Task instructions >> Transcribe exactly, and only, the lines from the one containing "beach, beautiful, big" through the end of the entries below, leaving the pictures out.

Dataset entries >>
┄┄┄┄┄┄┄┄┄┄┄┄┄┄┄┄┄┄┄┄

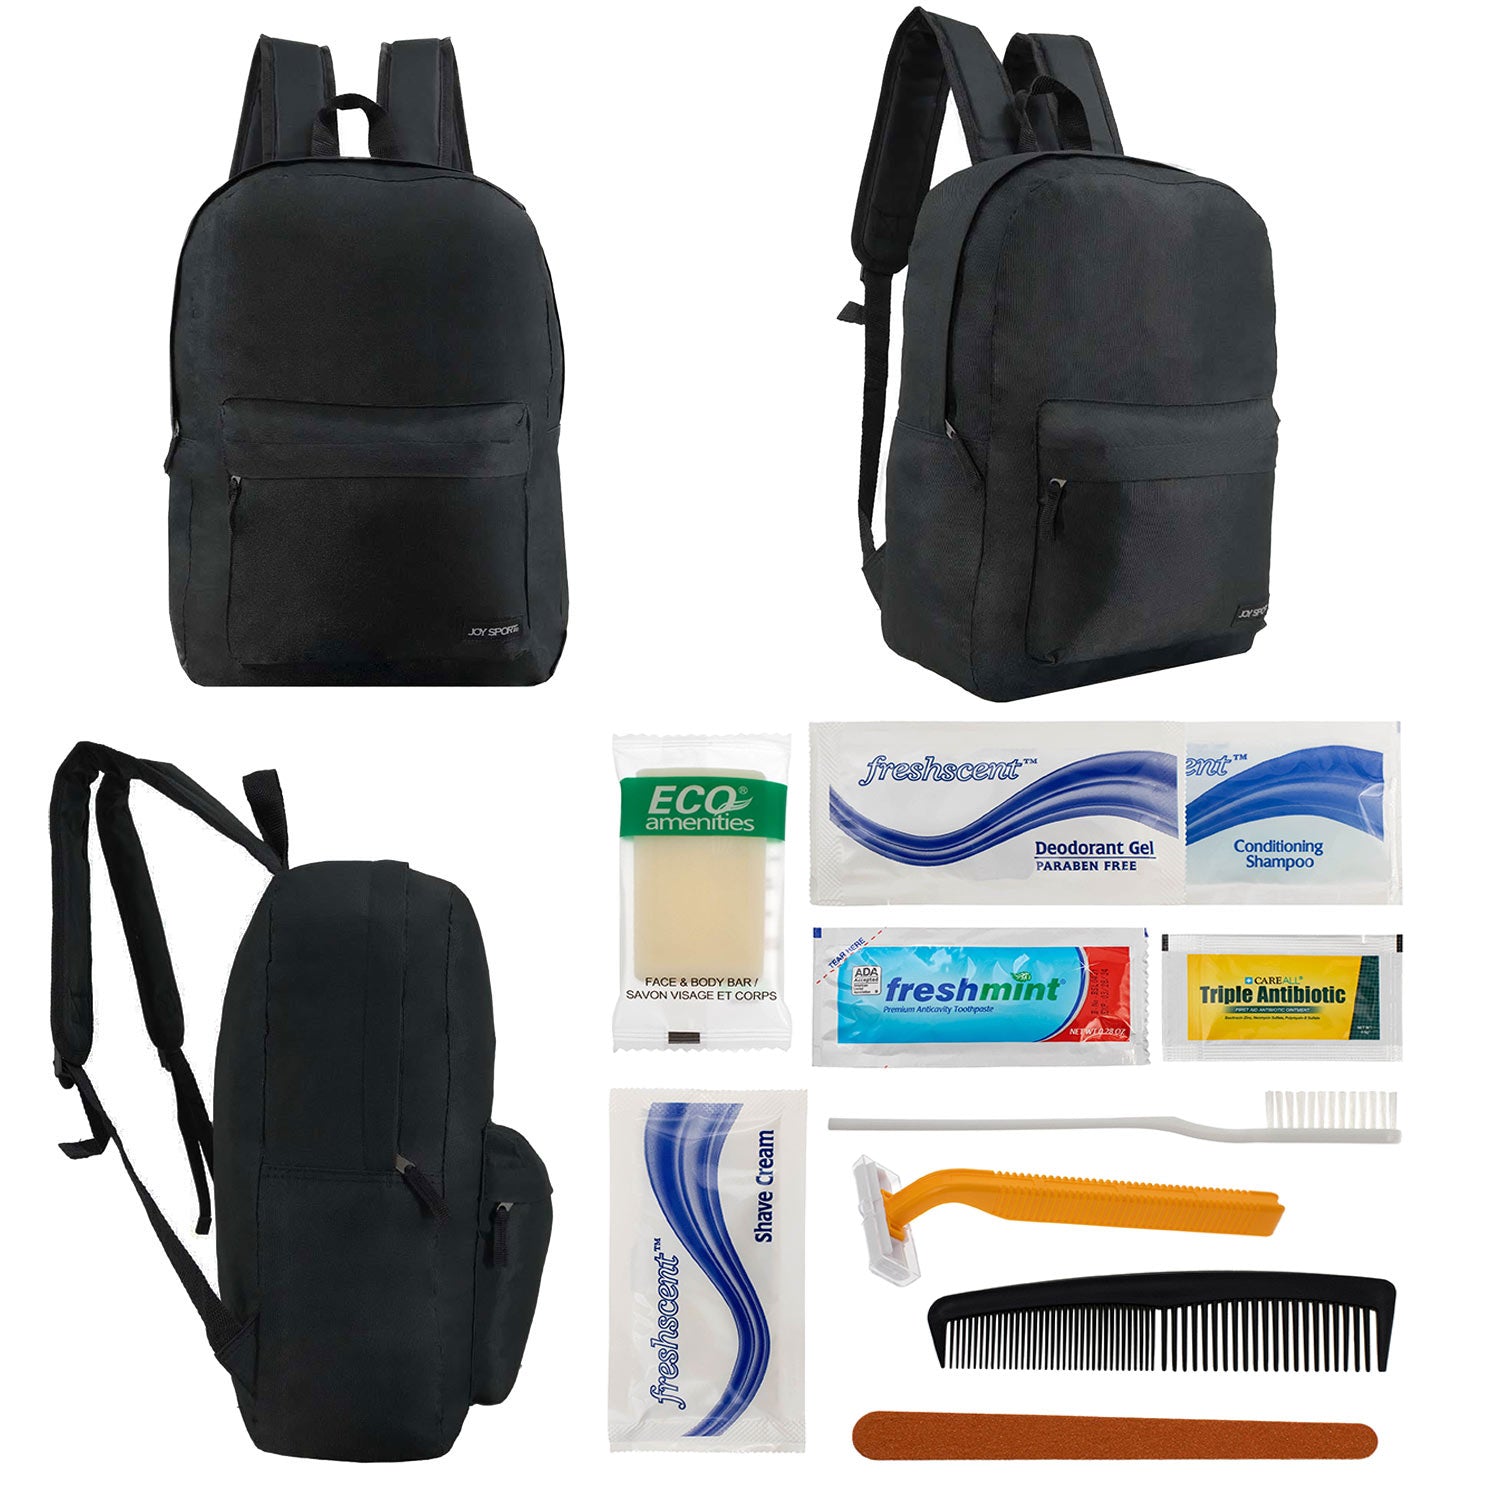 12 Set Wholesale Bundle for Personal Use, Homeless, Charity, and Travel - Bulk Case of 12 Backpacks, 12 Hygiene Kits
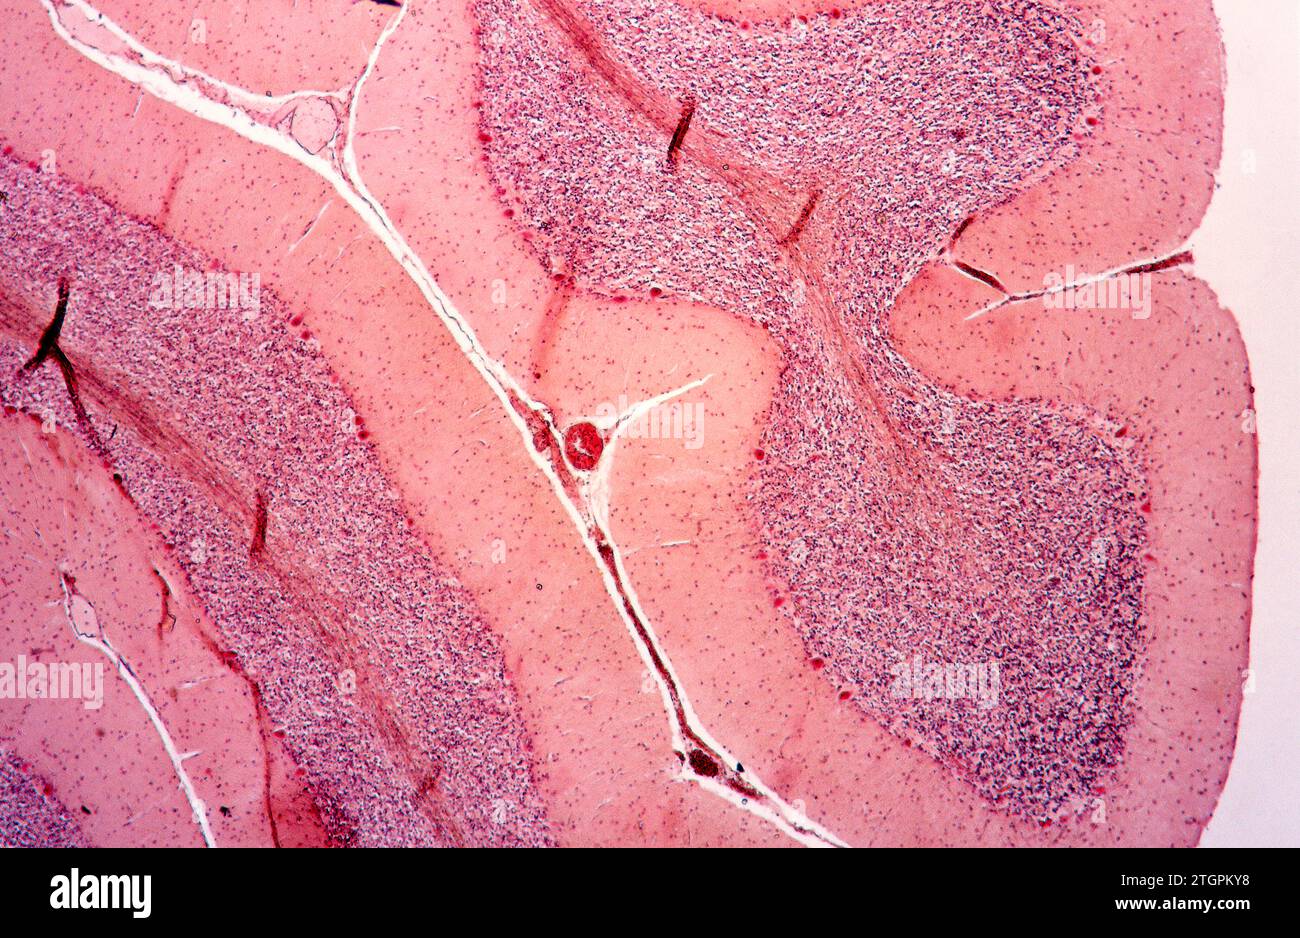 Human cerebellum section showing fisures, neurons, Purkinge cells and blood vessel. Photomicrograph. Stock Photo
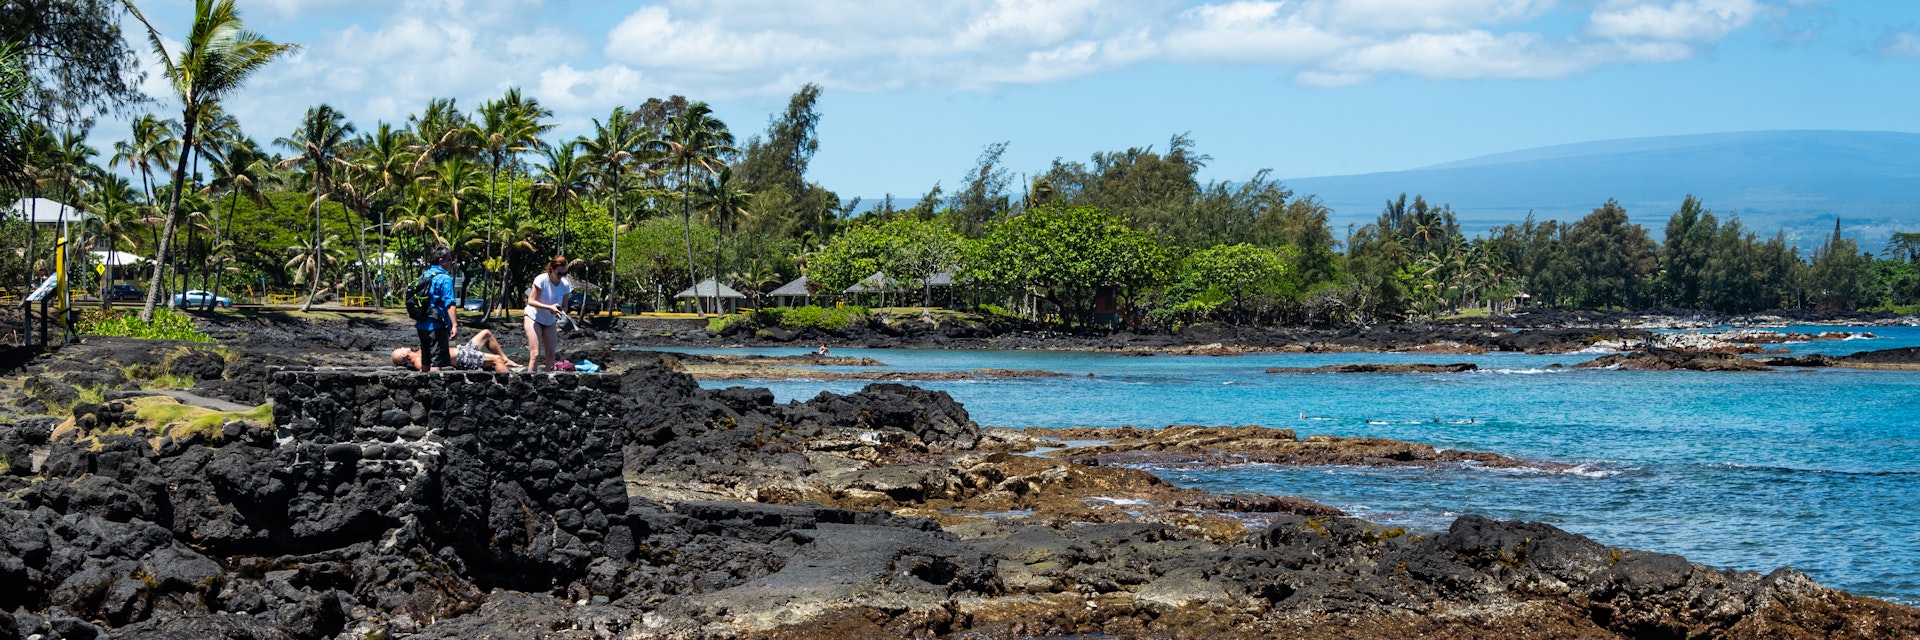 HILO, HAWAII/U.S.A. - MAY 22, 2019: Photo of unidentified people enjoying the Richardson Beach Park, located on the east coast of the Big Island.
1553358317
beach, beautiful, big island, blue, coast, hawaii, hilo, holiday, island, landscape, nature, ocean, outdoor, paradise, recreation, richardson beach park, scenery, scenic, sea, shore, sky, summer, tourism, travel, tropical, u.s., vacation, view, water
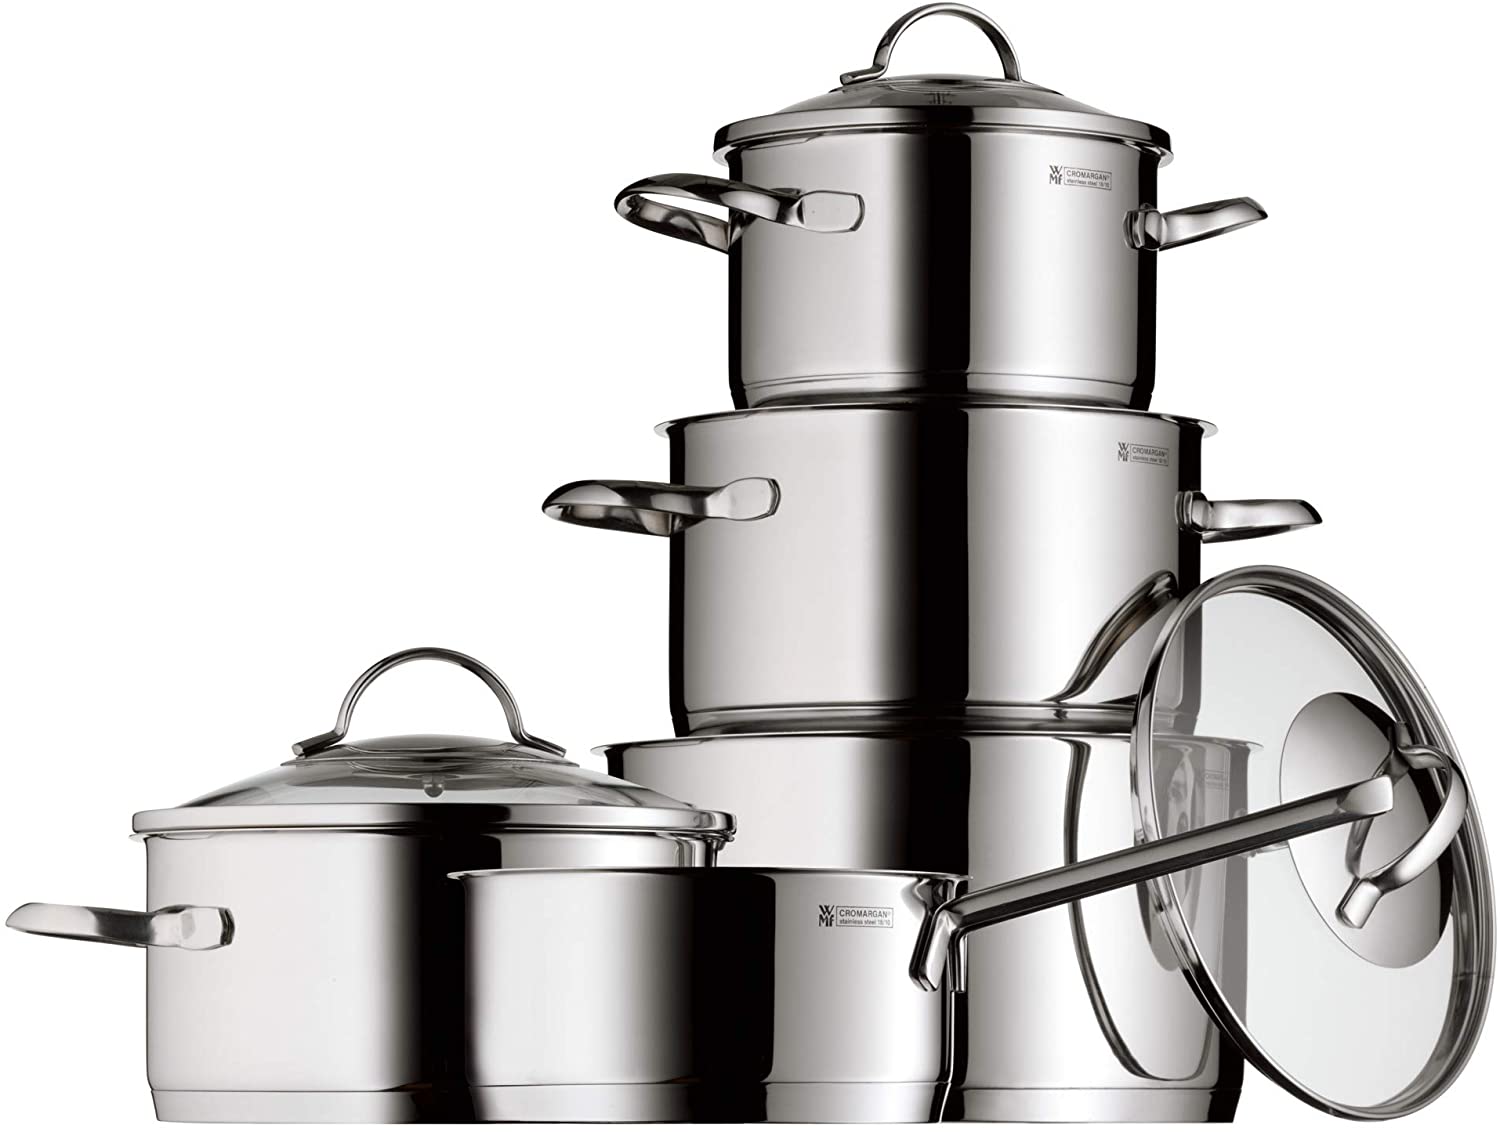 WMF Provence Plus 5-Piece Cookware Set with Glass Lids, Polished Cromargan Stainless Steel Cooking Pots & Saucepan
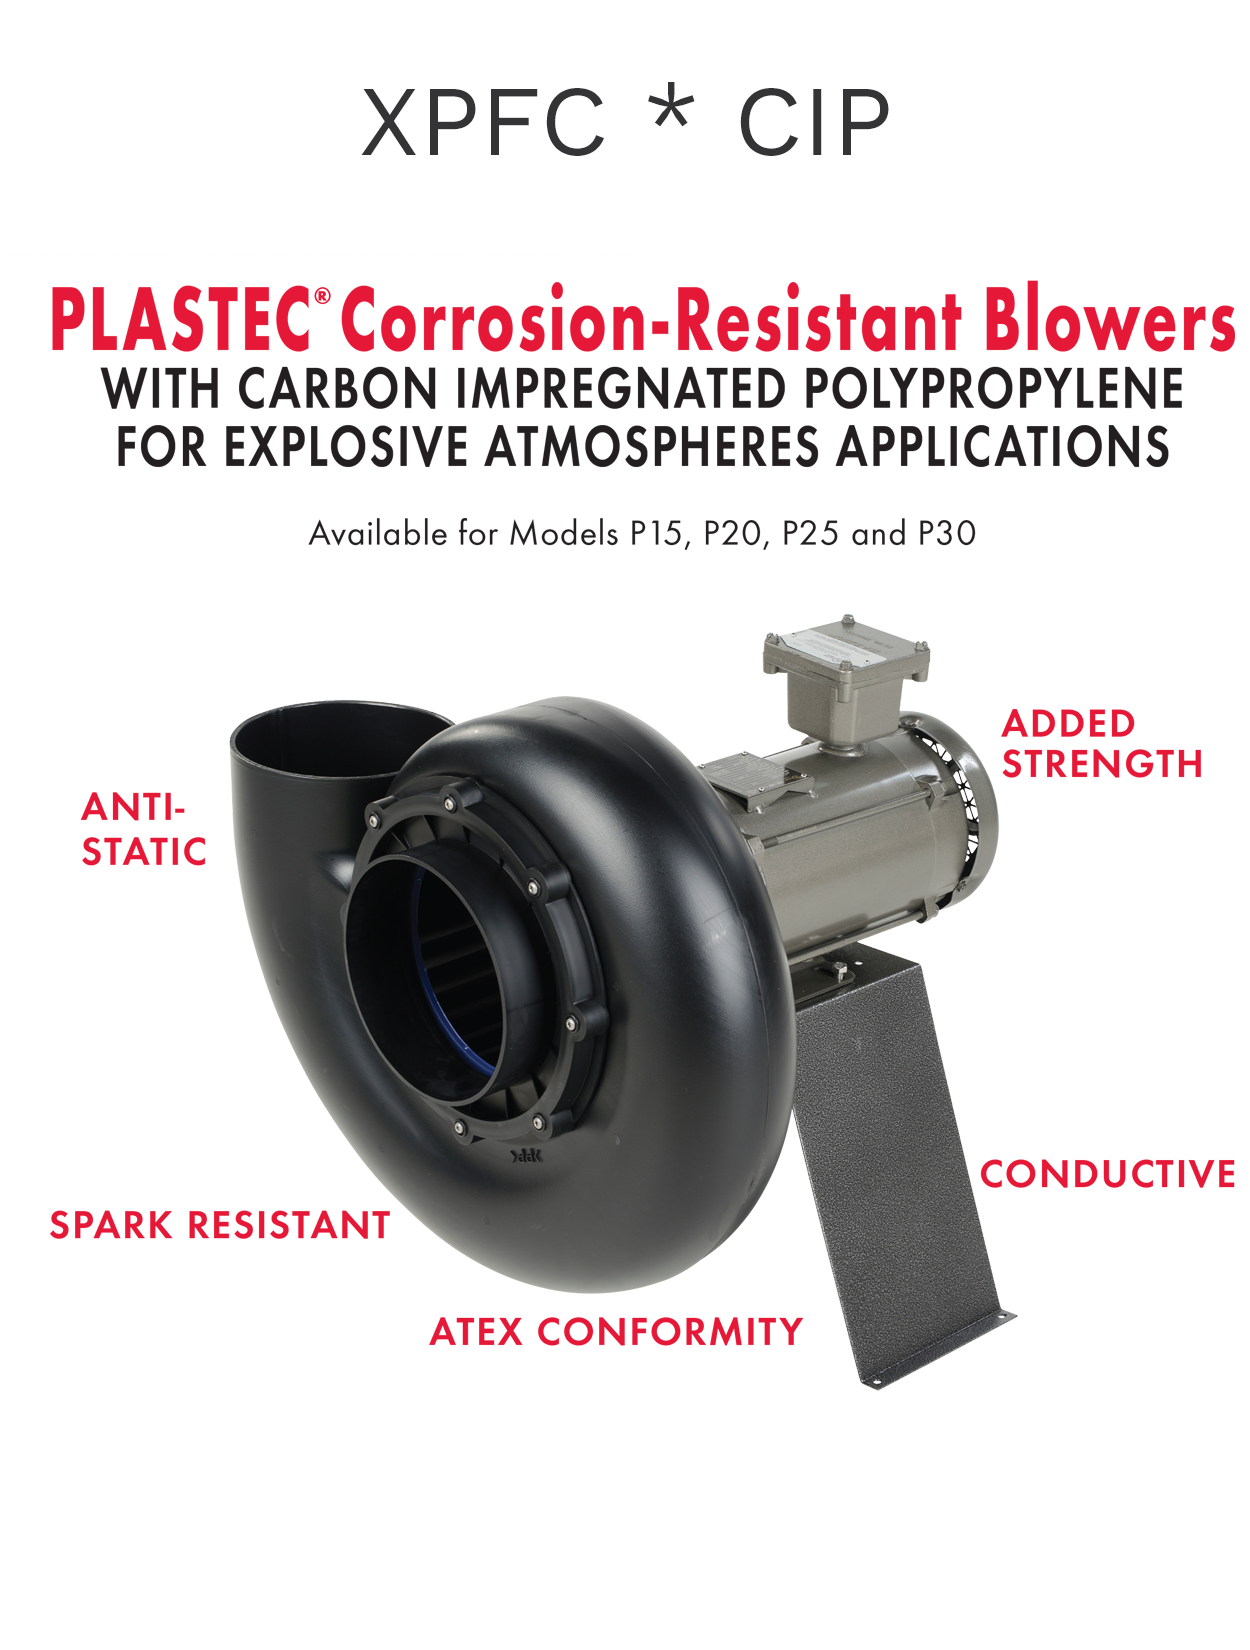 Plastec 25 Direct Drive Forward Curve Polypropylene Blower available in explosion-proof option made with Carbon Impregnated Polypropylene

┄┄┄┄┄┄┄┄┄┄┄┄┄┄┄┄┄┄┄┄

Response area >>
beach, beautiful, big island, blue, coast, hawaii, hilo, holiday, island, landscape, nature, ocean, outdoor, paradise, recreation, richardson beach park, scenery, scenic, sea, shore, sky, summer, tourism, travel, tropical, u.s., vacation, view, water
 WMF Provence Plus 5-Piece Cookware Set with Glass Lids, Polished Cromargan Stainless Steel Cooking Pots & Saucepan
 Plastec 25 Direct Drive Forward Curve Polypropylene Blower available in explosion-proof option made with Carbon Impregnated Polypropylene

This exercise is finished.